LightningIRTokenizer
- class lightning_ir.base.tokenizer.LightningIRTokenizer(*args, query_length: int | None = 32, doc_length: int | None = 512, **kwargs)[source]
Bases:
PreTrainedTokenizerBaseBase class for Lightning IR tokenizers. Derived classes implement the tokenize method for handling query and document tokenization. It acts as mixin for a transformers.PreTrainedTokenizer backbone tokenizer.
- __init__(*args, query_length: int | None = 32, doc_length: int | None = 512, **kwargs)[source]
Initializes the tokenizer.
- Parameters:
query_length (int | None) – Maximum number of tokens per query. If None does not truncate. Defaults to 32.
doc_length (int | None) – Maximum number of tokens per document. If None does not truncate. Defaults to 512.
Methods
__init__(*args[, query_length, doc_length])Initializes the tokenizer.
from_pretrained(model_name_or_path, *args, ...)Loads a pretrained tokenizer.
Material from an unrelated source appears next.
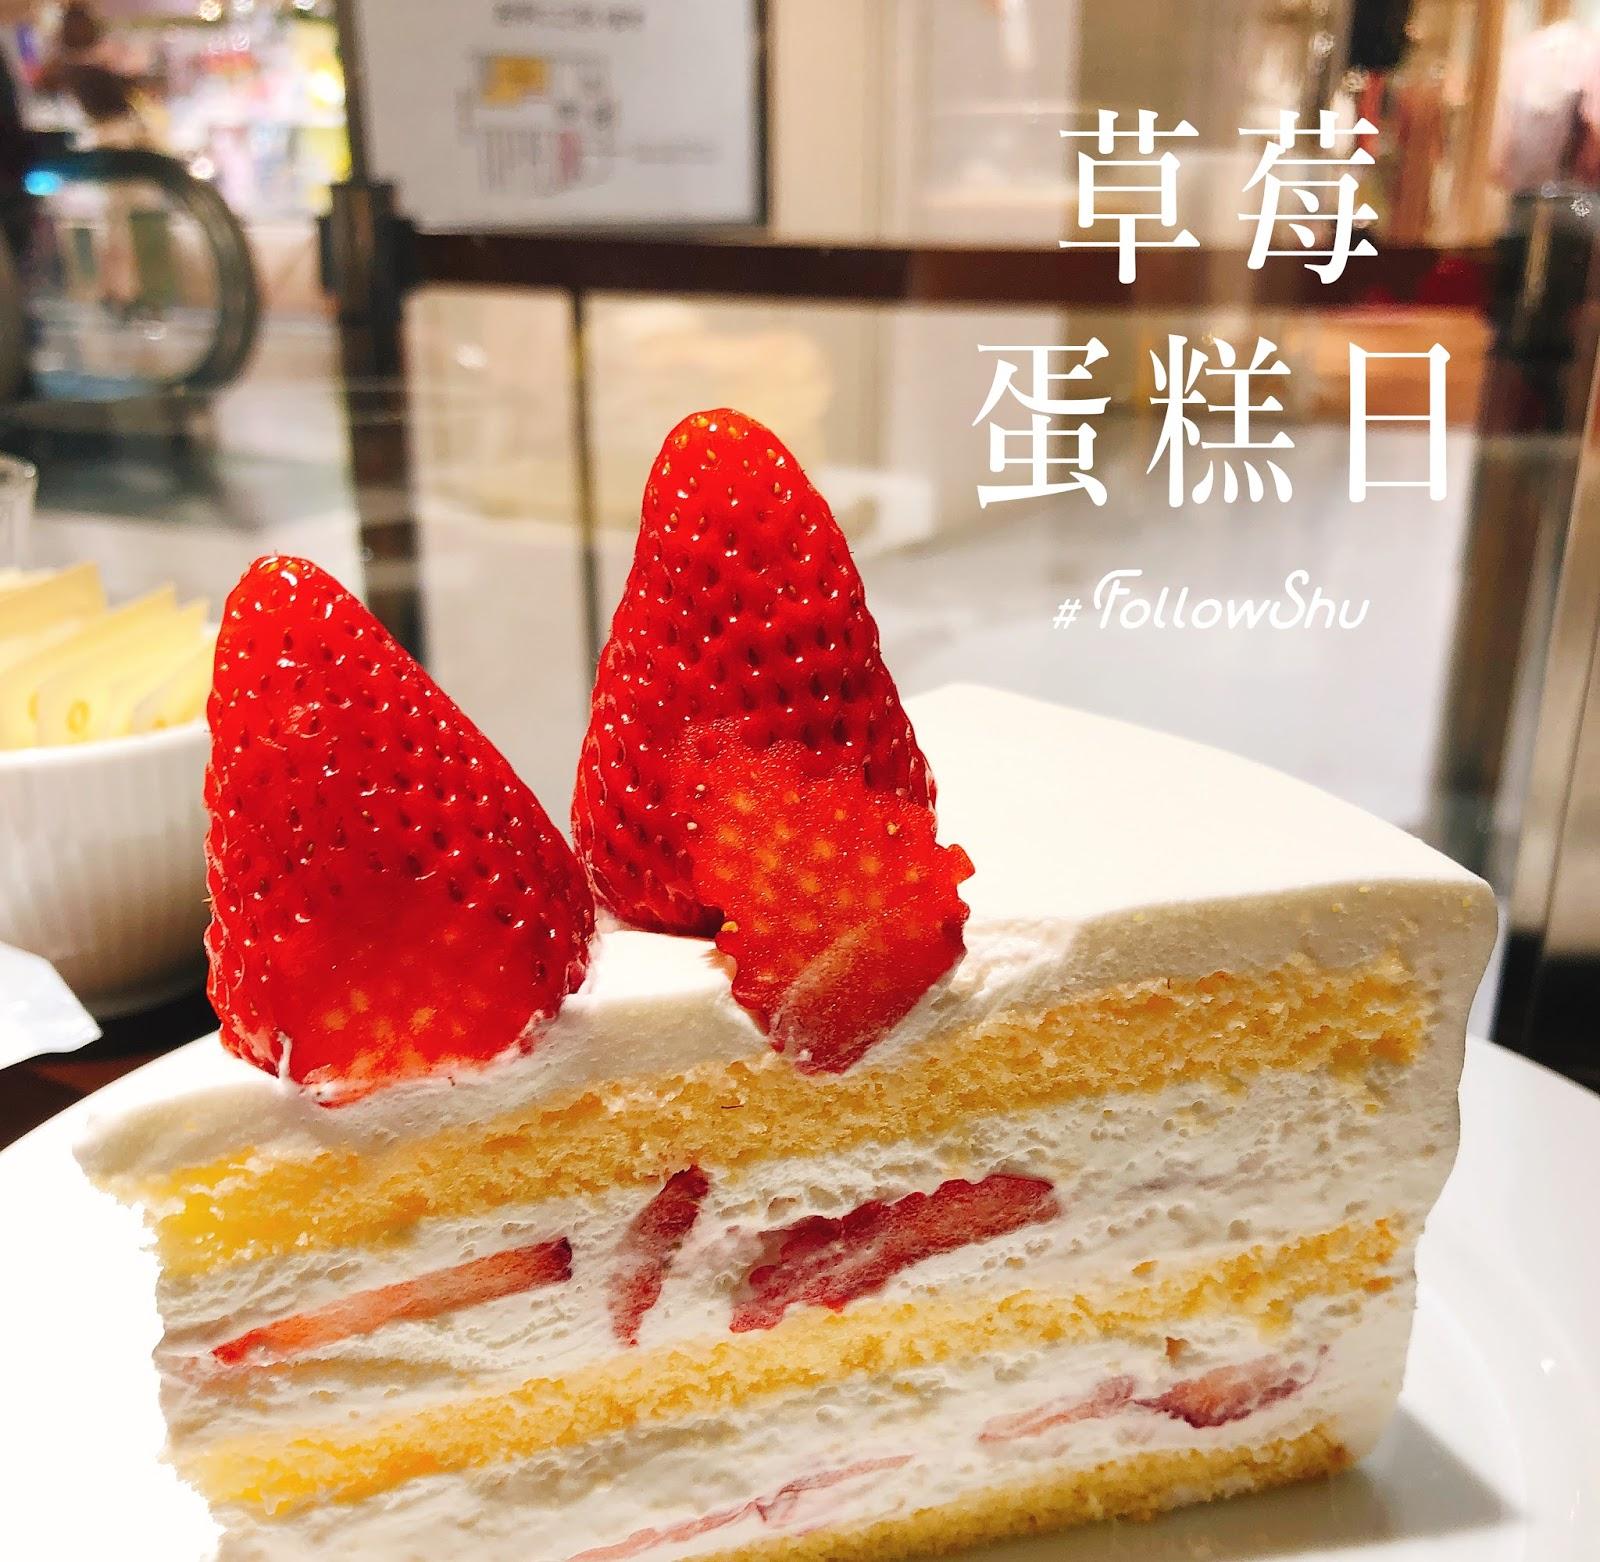 """聽說22日是""""草莓蛋糕日""""?草莓蛋糕為什麼叫做short cake? - #Followshu"""

tokenize([queries, docs])Tokenizes queries and documents.
Attributes
- config_class
Configuration class for the tokenizer.
alias of
LightningIRConfig
- classmethod from_pretrained(model_name_or_path: str, *args, **kwargs) Self[source]
Loads a pretrained tokenizer. Wraps the transformers.PreTrainedTokenizer.from_pretrained method to return a derived LightningIRTokenizer class. See
LightningIRTokenizerClassFactoryfor more details.>>> Loading using model class and backbone checkpoint >>> type(BiEncoderTokenizer.from_pretrained("bert-base-uncased")) ... <class 'lightning_ir.base.class_factory.BiEncoderBertTokenizerFast'> >>> Loading using base class and backbone checkpoint >>> type(LightningIRTokenizer.from_pretrained("bert-base-uncased", config=BiEncoderConfig())) ... <class 'lightning_ir.base.class_factory.BiEncoderBertTokenizerFast'>- Parameters:
model_name_or_path (str) – Name or path of the pretrained tokenizer.
- Returns:
A derived LightningIRTokenizer consisting of a backbone tokenizer and a LightningIRTokenizer mixin.
- Return type:
Self
- Raises:
ValueError – If called on the abstract class LightningIRTokenizer and no config is passed.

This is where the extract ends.